Stichting Civitas Naturalis beoogt bij te dragen aan adequate diagnose van het systeem dat zich rondom een maatschappelijk vraagstuk gevormd heeft. Systeemdiagnose is niet zo eenvoudig. Er zijn verschillende wegen die naar Rome leiden. Eén daarvan is het transect, een doorsnede en zij-aanzicht van het systeem zoals het zich feitelijk voordoet. Het bijzondere van onze aanpak is dat gebruik wordt gemaakt van een specifieke set van instrumenten zoals die zijn ontwikkeld om natuurlijke bossen te bestuderen.

Deze set voor natuurlijke bosecosystemen is ontwikkeld door Prof.dr.ir. Roelof A.A. Oldeman (1974) en is door de stichting getransponeerd naar het ecosysteem van de stad.
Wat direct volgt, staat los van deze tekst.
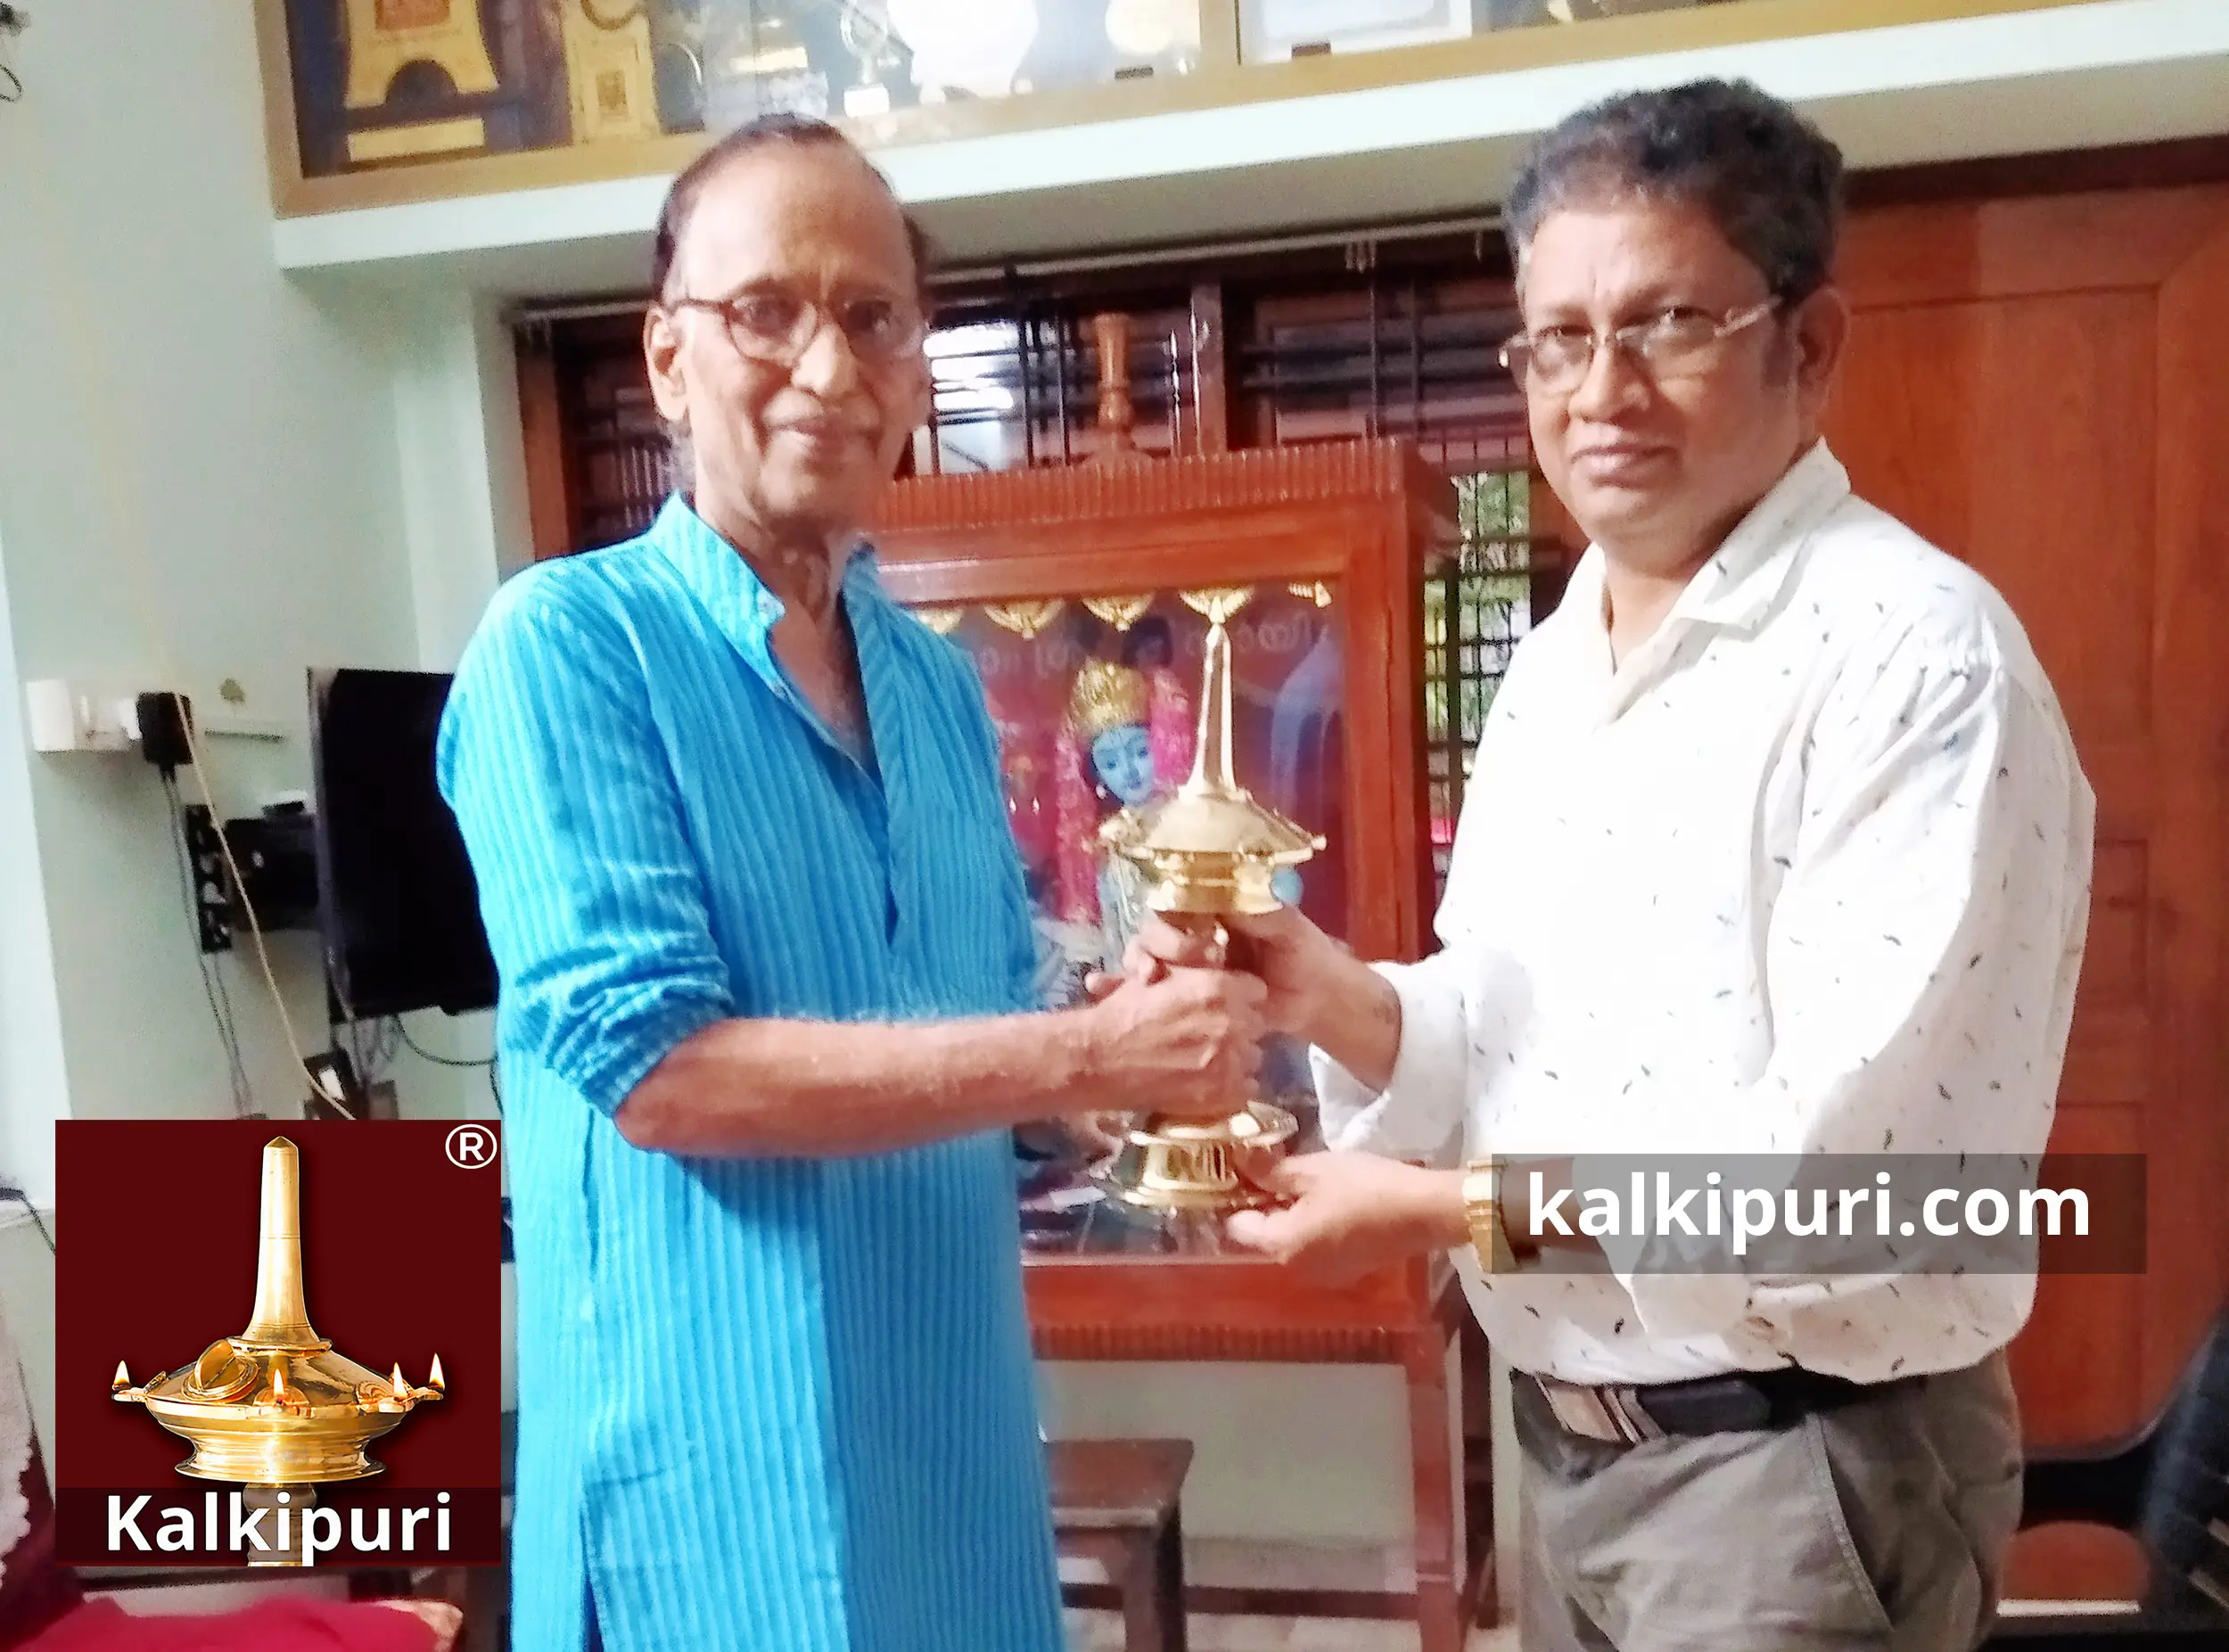 Renowned Malayalam writer Sri. P R Nathan received Patented Kalkipuri Insect Free Oil Lamp from Sri Mukundaraj at his house on 8 Apr 2022.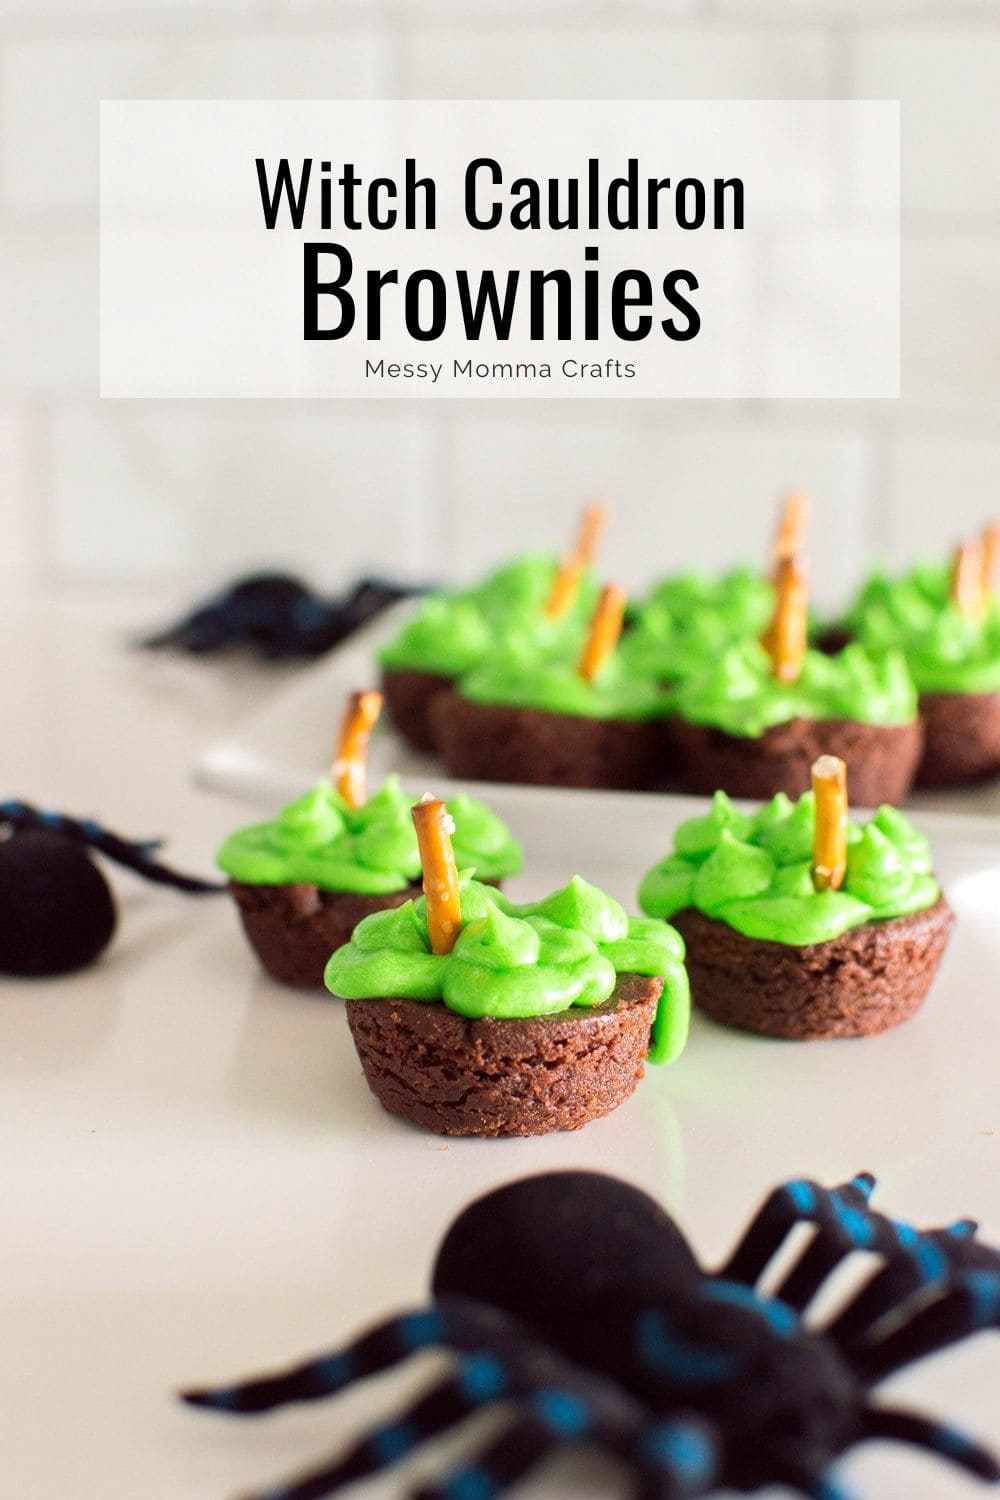 Witch cauldron brownies with green frosting and a pretzel stir stick.

In dit essay wordt de transectaanpak van bosecosystemen toegelicht.

Verandering in denken

Oldeman et al. (1983) licht de nieuwe aanpak van studie naar het bos toe en gaat in op de oorsprong, aanpak en de intentie van de methode van transectenanalyse. Het gaat in feit in op een langere geschiedenis van traditionele mens- naar ecosysteem gedreven methoden. Elke tijd heeft haar tijdsgeest met eigen denkwijzen en aannames. Het genoemde artikel geeft een iconisch tijdsbeeld van de overgang tussen deze twee werelden, waarin wij ons thans bevinden:

“Gedurende ruim twee eeuwen bosbouwkundig beheer en onderzoek zijn allerlei methoden ontwikkeld om momentopnamen van bos te maken en vast te leggen. Op basis van zulke gegevens moesten de geschiktheid van bos voor bepaalde functies en de prognoses voor de bosontwikkelingen worden vastgesteld. Vooral in de eerste van deze twee eeuwen lag er een zwaar accent op herstel van gedegradeerde bossen en op houtproduktie in een nogal houtarm geworden West Europa. Daarom kwam bij de meettechnieken het zwaartepunt te liggen bij houtvolume en aanwas van bomen. De resultaten werden en worden meestal vastgelegd in statistische kengetallen, zoals stamtal, opperhoogte, gemiddelde hoogte, gemiddelde diameter al dan niet met spreiding of “range”, grondvlak, volume of lopende en gemiddelde aanwas. Daarnaast worden grootheden als kroonbedekkingsgraad, mengverhouding in meersoortige bossen of diameterverdeling in uitkapbossen bepaald….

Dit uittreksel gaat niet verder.